First Impressions, Part I
It's day two of my second semester at Mt. Royal College. I'm still an electronic publishing student, but not yet certain exactly what that means. Colin studies accounting & finance, and by all accounts (no pun intended) is familiar with the various career options and subsequent models of BMWs his education will afford him. All I've divined from the various poobahs of my program is that when I'm done I'll know all about "publishing" and maybe something having to do with "electronics". This makes the whole endevour seem just slightly moot, but I've been promised a fancy-looking document at the end that will tell employers that I've spent a lot of money learning something and that I'd be a better choice for a job than the guy who begs for quarters outside their building. So, I've got that going for me, which is nice.
I figured I'd record my first impressions of the new semester's classes here, so when I start the really intensive bitching later we'll all be on the same page. Let's begin:
Freelance Writing 1311 (Writing for business): Fairly self-explanitory, which should have left the professor plenty of time to explain why I'm required to take it. I've already taken a mandatory english composition class that apparently ensures I can translate thought into written words. I can understand its pertinance as a job skill, but having this second class focusing on business communications seems a presumptuous type of overkill. If I want to learn how to write the perfect business letter, that's one thing... they probably sell books on that. But training design students on the writing of an annual report? Designing an annual report seems like something I should know, but I think the writing is best left to someone who knows how the company in question is doing. Furthermore, who assumed I'd be going into business, anyway? Maybe I'm going to take my degree and work exclusively with circus folk or Alaskan wolfhounds. They're certainly not going to care if I use full-block style in my inter-office correspondance. I'm guessing that they needed a class to fill out the first year in the program and picked Freelance Writing because it's easy to rationalize as a "career skill".
English 2243 (Introduction to the study of film): Now we're cooking with grease. I get to watch movies, talk to people about the movies in class, write a few papers about how The Matrix ruled and then take my nice easy A home to cuddle when it's all over. Proving that there's no such thing as a free lunch, I had to pay for my lunch today... wait, I mean that as cool as the class seems straight off, it seems to be populated by people who are either: a)looking for an excuse to watch movies and lay low for 4 hours a week, or b) convinced that they are serious conneseurs of film because they watch movies like Amelie and claim to like Atom Egoyan. You know the sort; they dismiss everything popular because discussing popular films makes them feel common and dirty.

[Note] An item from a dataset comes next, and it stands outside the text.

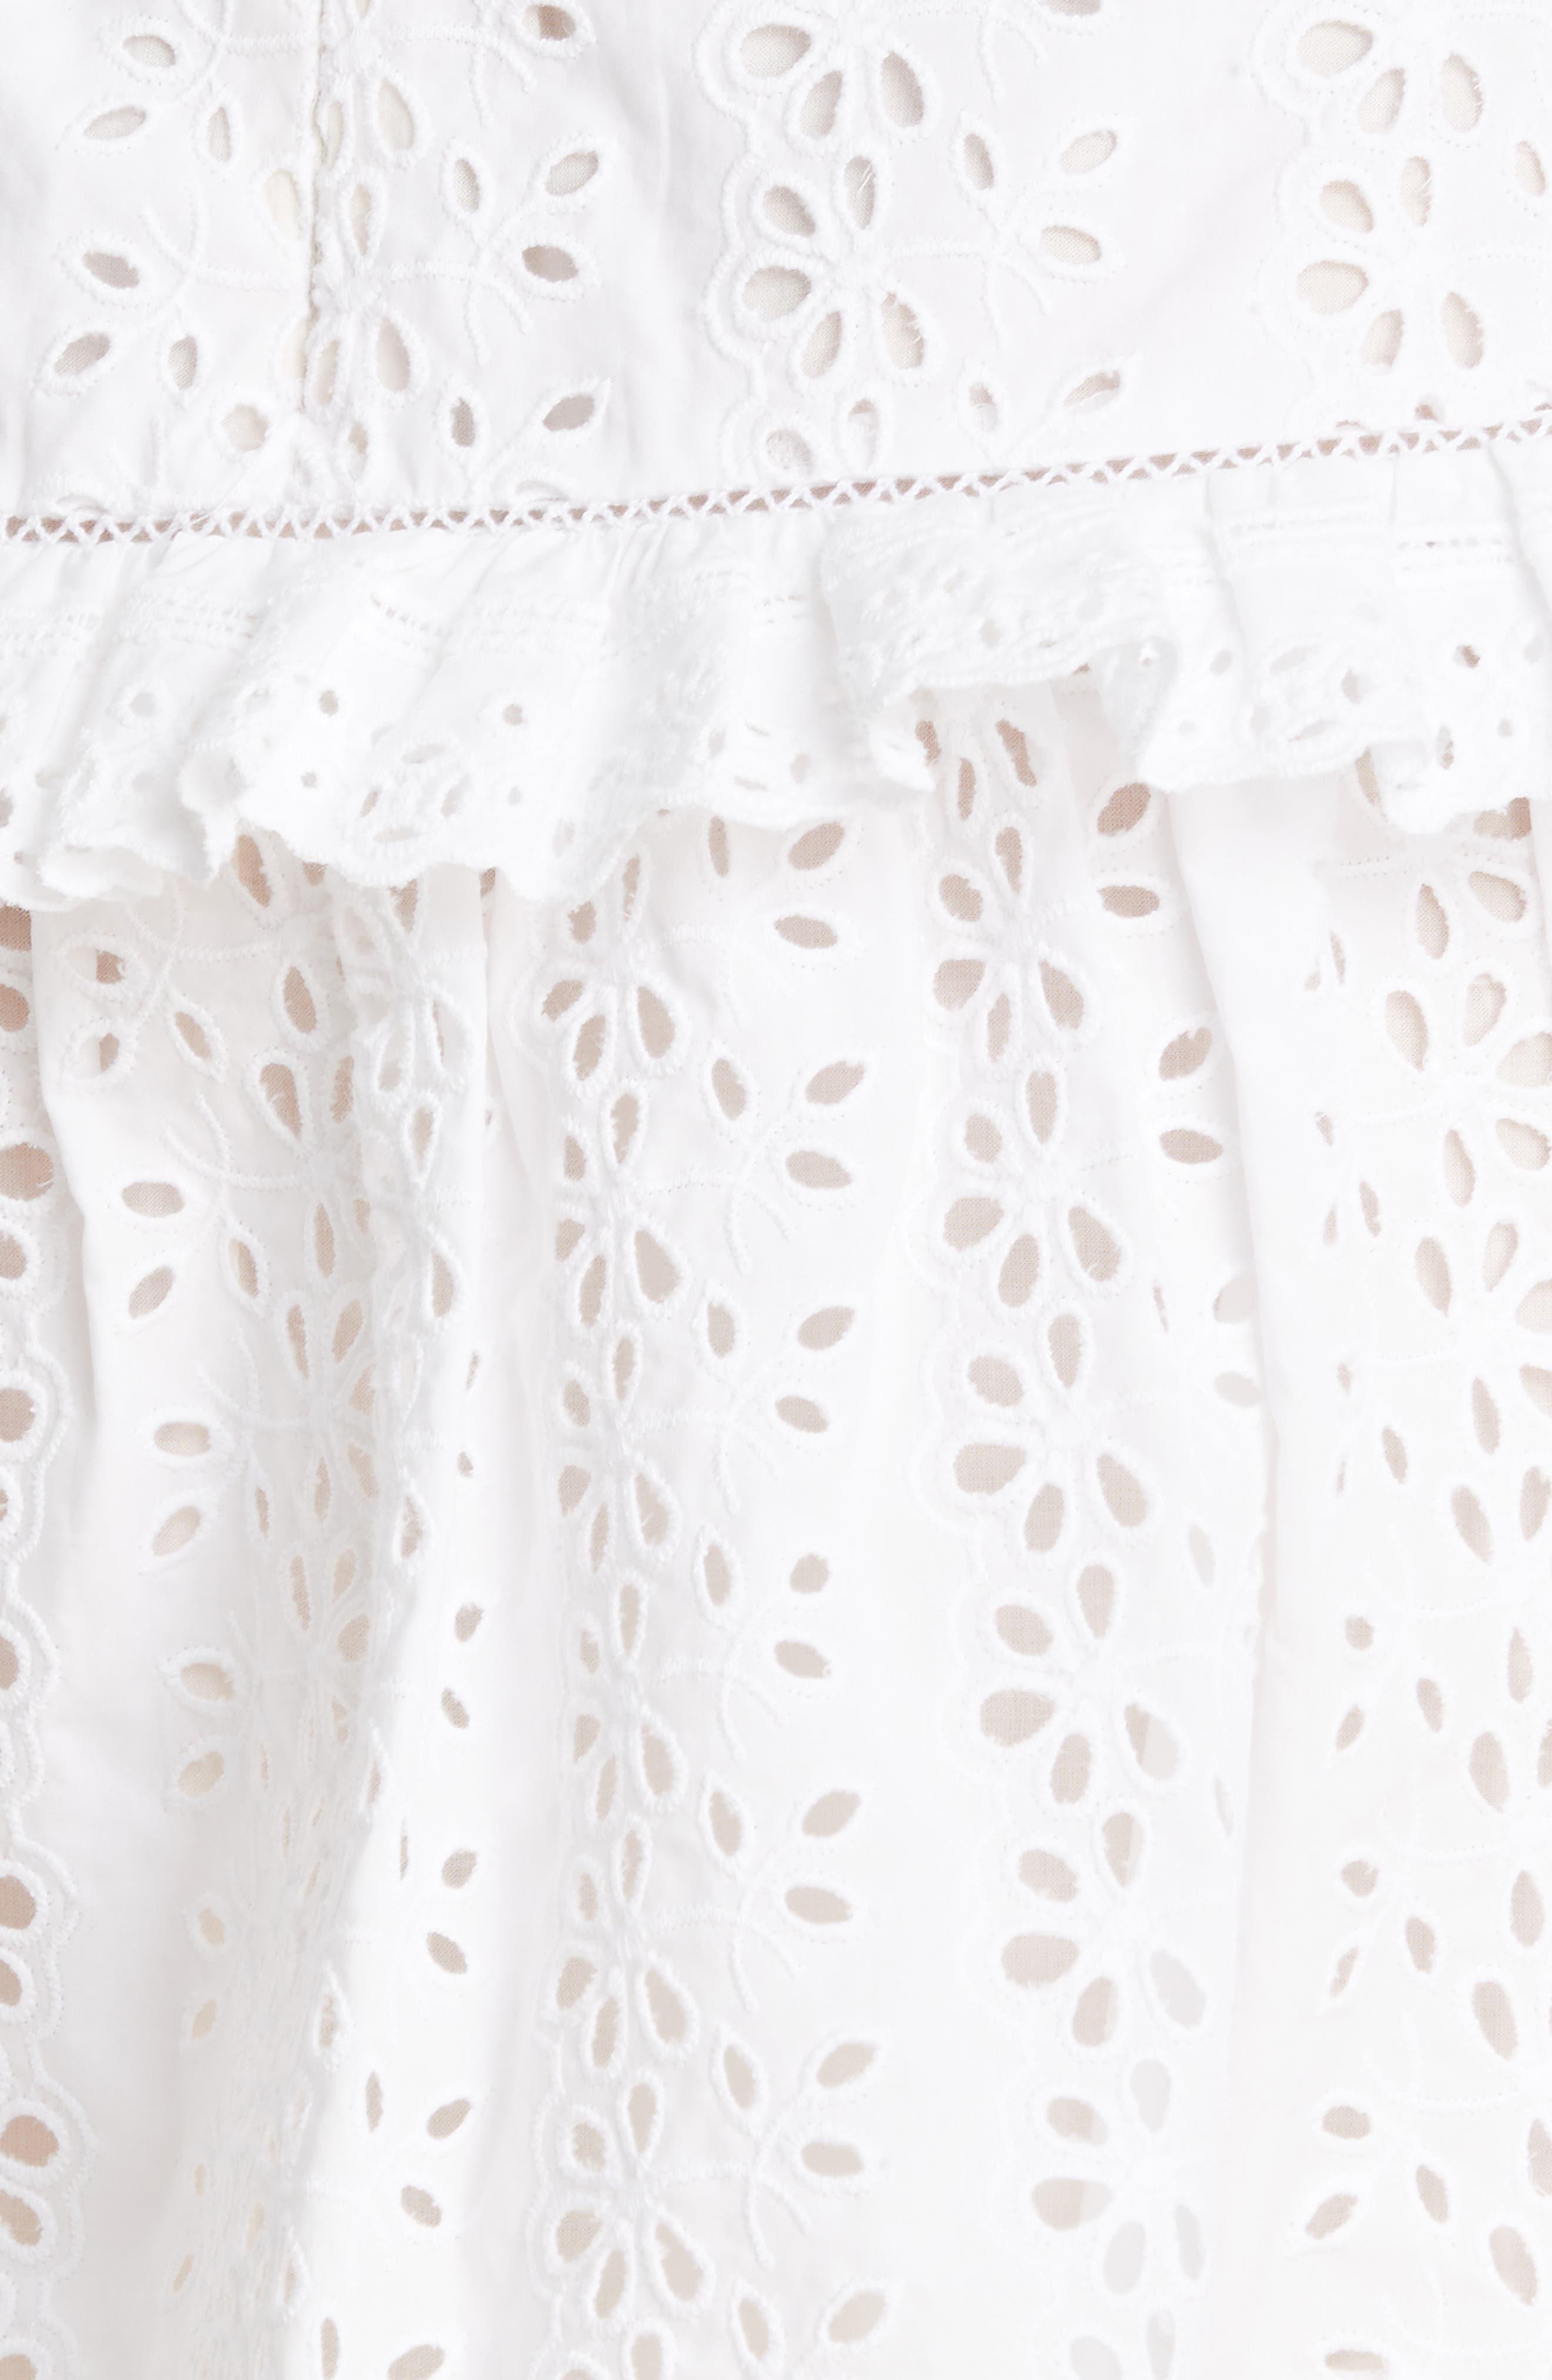 REBECCA TAYLOR, Karina Cotton Eyelet Skirt, Alternate thumbnail 5, color, MILK

As readers of my movie reviews will know, I'm into movies. I watch movies the way certain aquatic mammals breathe oxygen. But I've rarely met a movie I didn't like. Film making is a creative and collaborative endevour of the highest order, and just because I don't get it, or don't find it funny or sad or exciting or whatever it was supposed to be doesn't mean that it wasn't a valid effort. I may be able to recognize certain elements of film like narrative style, cinematographic details, literary or historical reference, etc, but that doesn't make me a "better" movie fan. I don't like films just because they're in Italian. And I don't hate films just because they've got a big star in them. I could rant about this forever, and I'm guessing that at least one paper I write for this class will afford me a better opportunity. I'll finish this by saying that Paul Verhoeven is not a genius, and Starship Troopers, while certainly a leader of the giants bugs in outer space genre, is not in even the slightest way, not even a little itty-bitty bit, not in any conceivable fashion brilliant..
Linguistics 2211 (The nature of language): I wish to avoid any undue rudeness here, but I find it deliciously ironic that my linguistics class is being taught by a professor whose use of English is of the seriously halting and stumbling variety. While she seems emminently capable and learned, watching her as she searches for a word to describe something, gets visably frustrated and starts over is somewhat akin to watching Marie Curie die from exposure to radium; with so much knowledge of it, I wonder how she's not better equiped to handle it properly. I suspect, without raising any issues of competancy here, that today's 50 minute lecture could have been disposed of in half an hour by someone more adept with english. Vectors of instruction aside, I'm sure this course will become a favourite of mine, since I've always been fascinated by the origins and evolutions of language.
I've got two more classes yet to experience, so once I've had my first hours of those I'll add my recaps here.